In the case of Home Depot, the NCPPR proposed a resolution asking the company to list donations of $5,000 or more on its website, citing in part the home improvement giant’s million dollar gift to the nonprofit Lawyers Committee for Civil Rights Under Law in the wake of the 2020 protests over the murder of George Floyd.
Another conservative group, the National Legal and Policy Center, put forward a similar shareholder proposal to require that Home Depot director nominees disclose information about their political and partisan giving, citing the same $1 million gift.

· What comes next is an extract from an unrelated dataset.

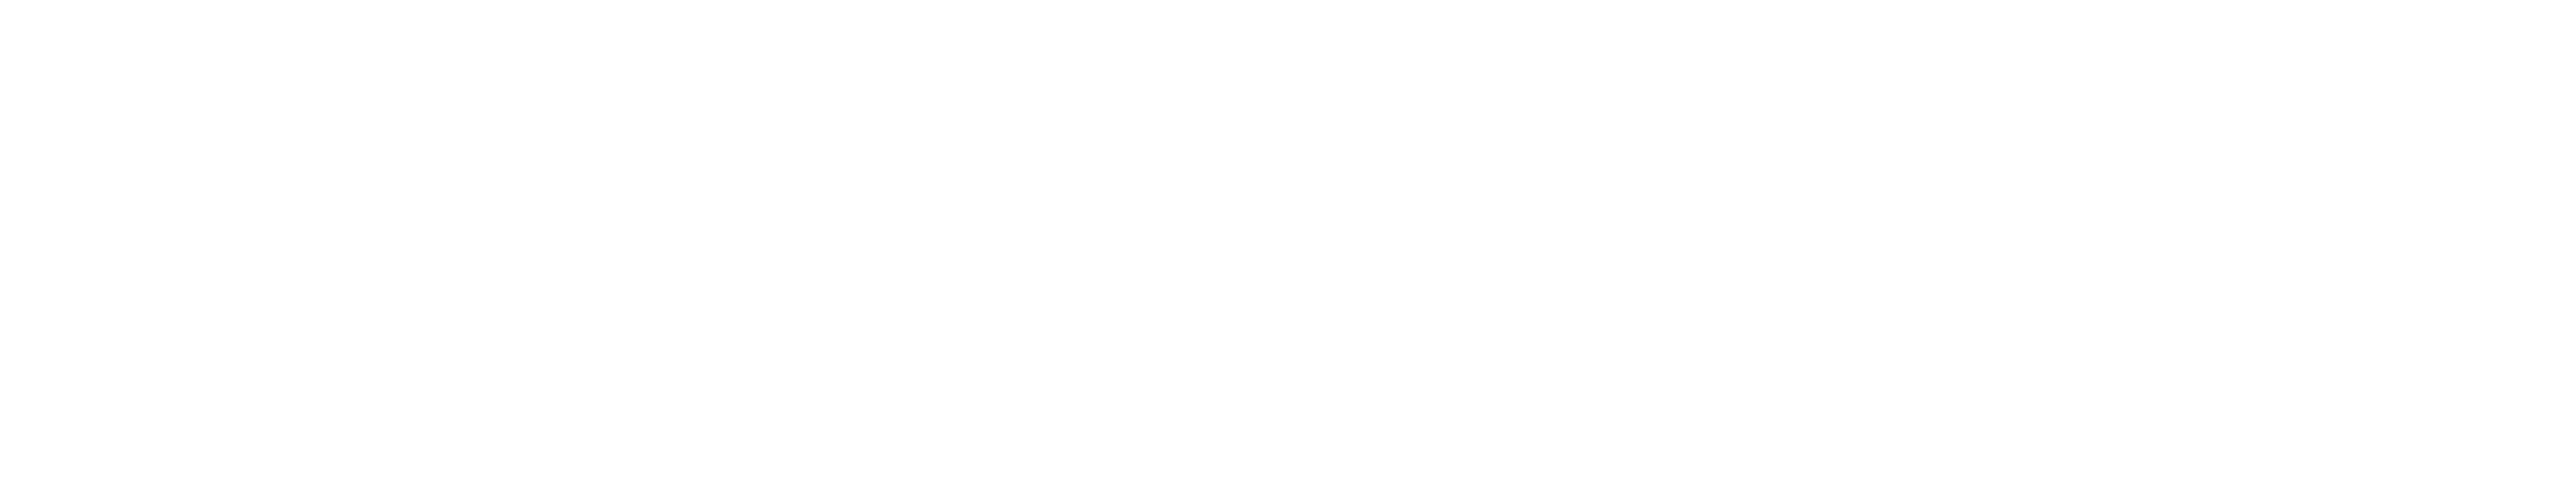 CEH hospitality and catering logo

The Home Depot proposals did not pass, each receiving just 2% of votes cast at Thursday’s meeting and the company’s board opposed both resolutions.
Cautious investors
Research shows that when a business is more diverse, it has better financial outcomes. A 2023 global analysis conducted by McKinsey found that companies with high gender or ethnic diversity have a 39% greater likelihood of financially outperforming companies who weren’t diverse.

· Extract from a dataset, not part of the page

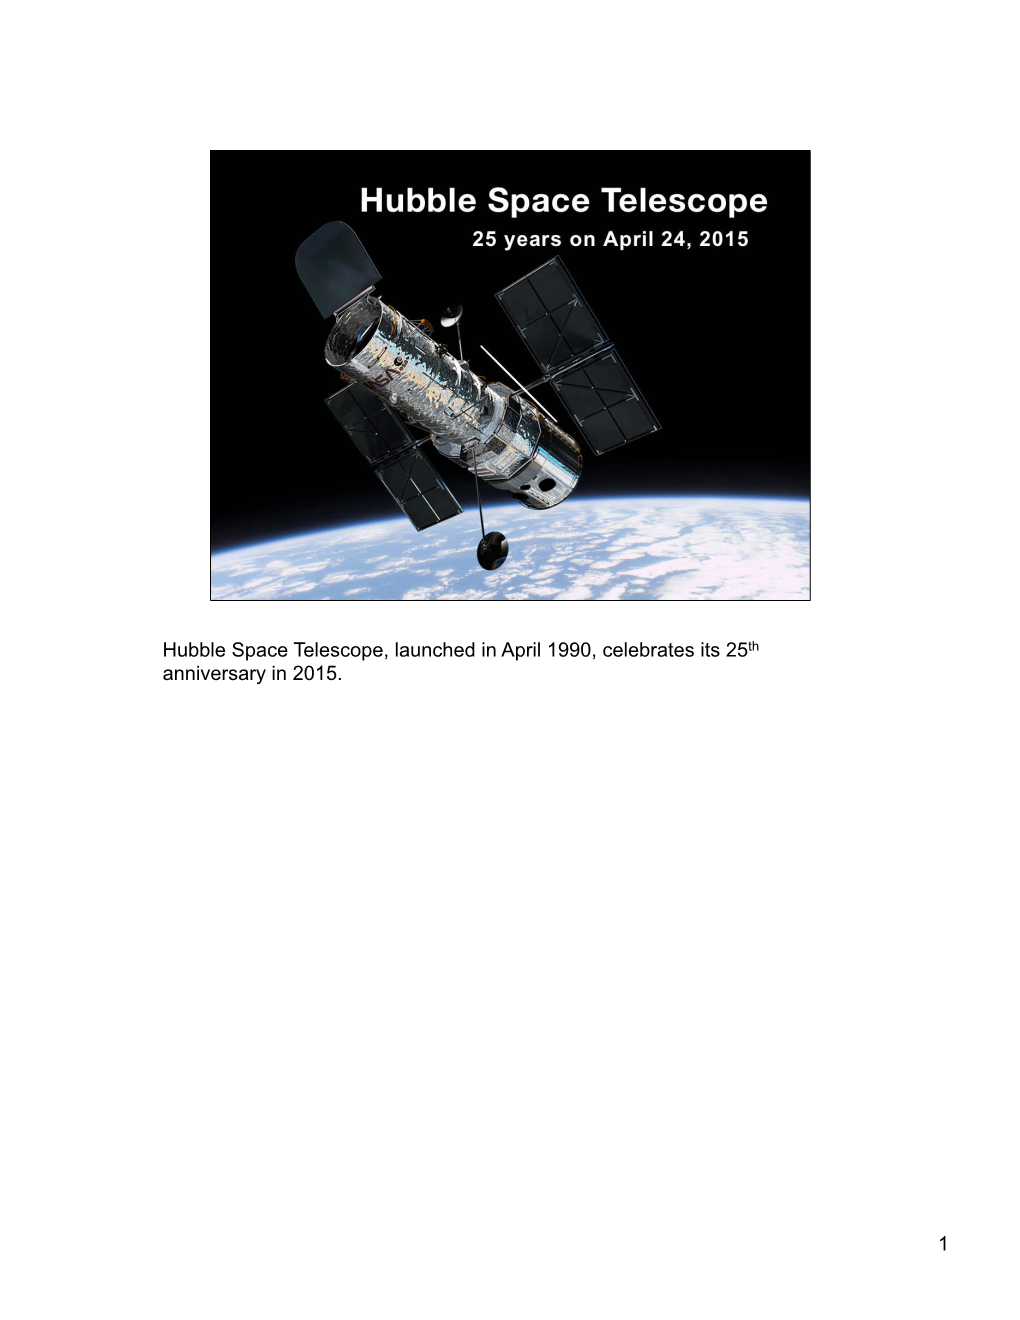 25 Years of the Hubble Space Telescope

Since 2020, there has been an increase in the number of proposals around workforce diversity, according to data from the Conference Board, a nonprofit think tank and business membership organization.

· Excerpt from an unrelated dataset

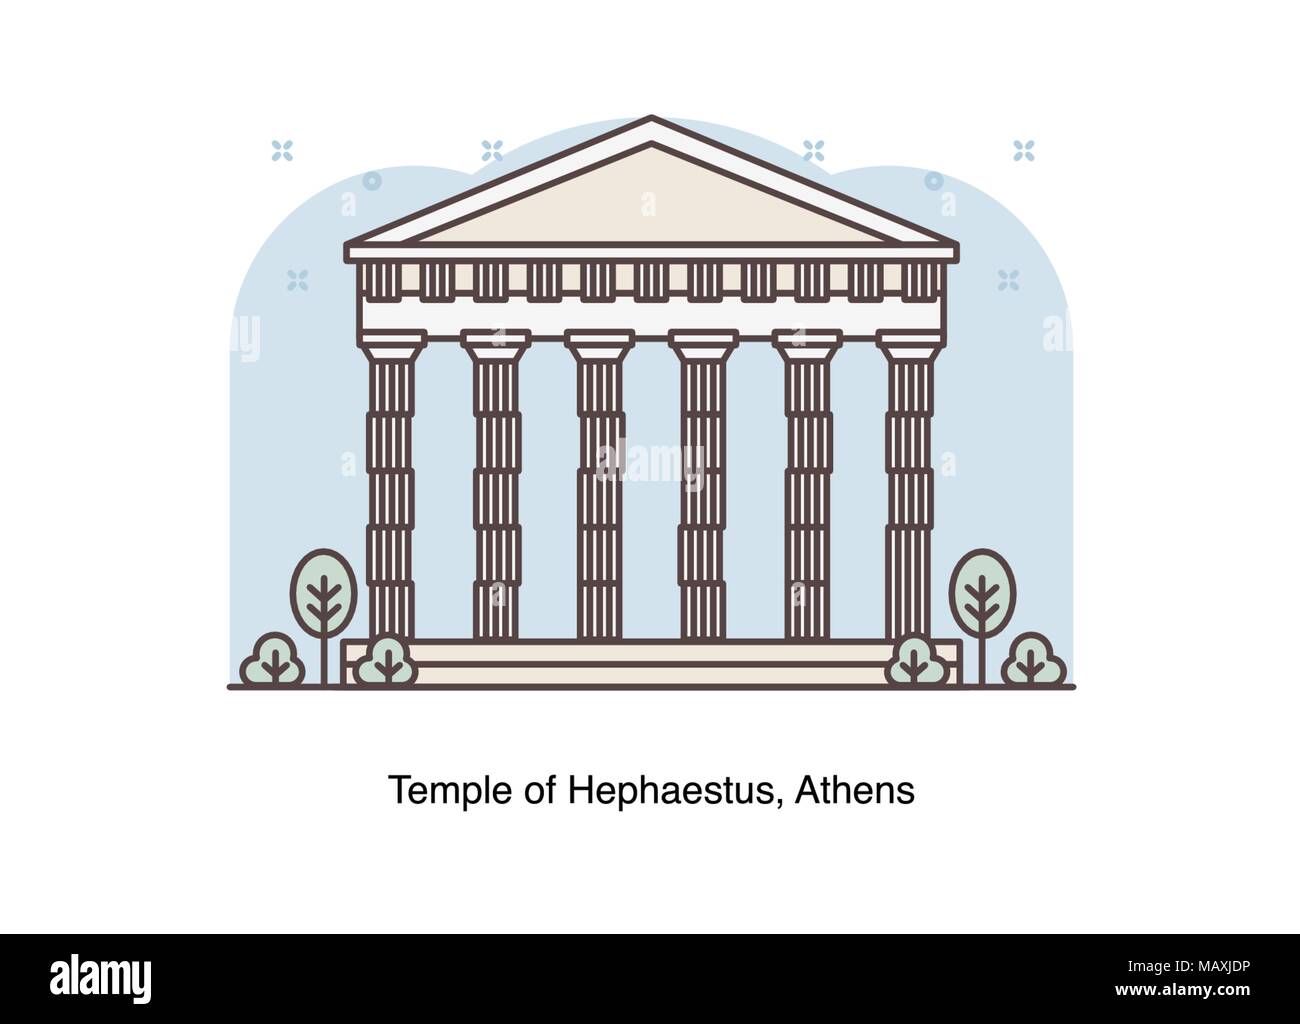 Vector line illustration of the Temple of Hephaestus, Athens, Greece. Stock Vector

Support for workforce diversity proposals across thousands of large American companies peaked in 2022, according to Matteo Tonello, managing director for environmental, social and governance at the Conference Board. But Tonello said in an email the declining support reflects a more nuanced situation.
“Investors may be more cautious about supporting these proposals because these topics have become politically polarizing,” Tonello said. “However, they also appreciate the large investments that so many companies have recently been making in these areas and the pressure companies are under because of new legislative and regulatory demands. As a result, many investors no longer see the need for further pressure that they saw only a few years ago.”
Push for data
But some investors also see legal risks in not having well-run DEI programs. In the case of UPS, a shareholder resolution asked the company to produce a report detailing the effectiveness of its equity initiatives and to provide metrics on “workforce diversity, hiring, promotion, and retention of employees, including data by gender, race, and ethnicity.”
The proposal was introduced by As You Sow, a California-based nonprofit. The organization runs a workplace equity program with the help of Whistle Stop Capital focused on getting corporations to disclose data on their DEI programs.
Meredith Benton is the founder of Whistle Stop Capital and has tried for years to get UPS to produce data on hiring, promotion and retention rates within its workforce. Benton said this data is to ensure a company does not have racism, discrimination, harassment, sexism, pervasive within its corporate culture, because that could open it up to lawsuits.
She added there is also a business case to having a diverse workforce, “and therefore it is in the investors’ interest to monitor a company’s behavior around the diversity of its workforce.”
The proposal received about 22% of shareholder votes, not enough to pass. UPS opposed the resolution, writing in part, “We believe our existing diversity and inclusion practices, and significant disclosures, provide meaningful information that allows investors to determine the effectiveness of our human capital management policies related to workplace diversity.”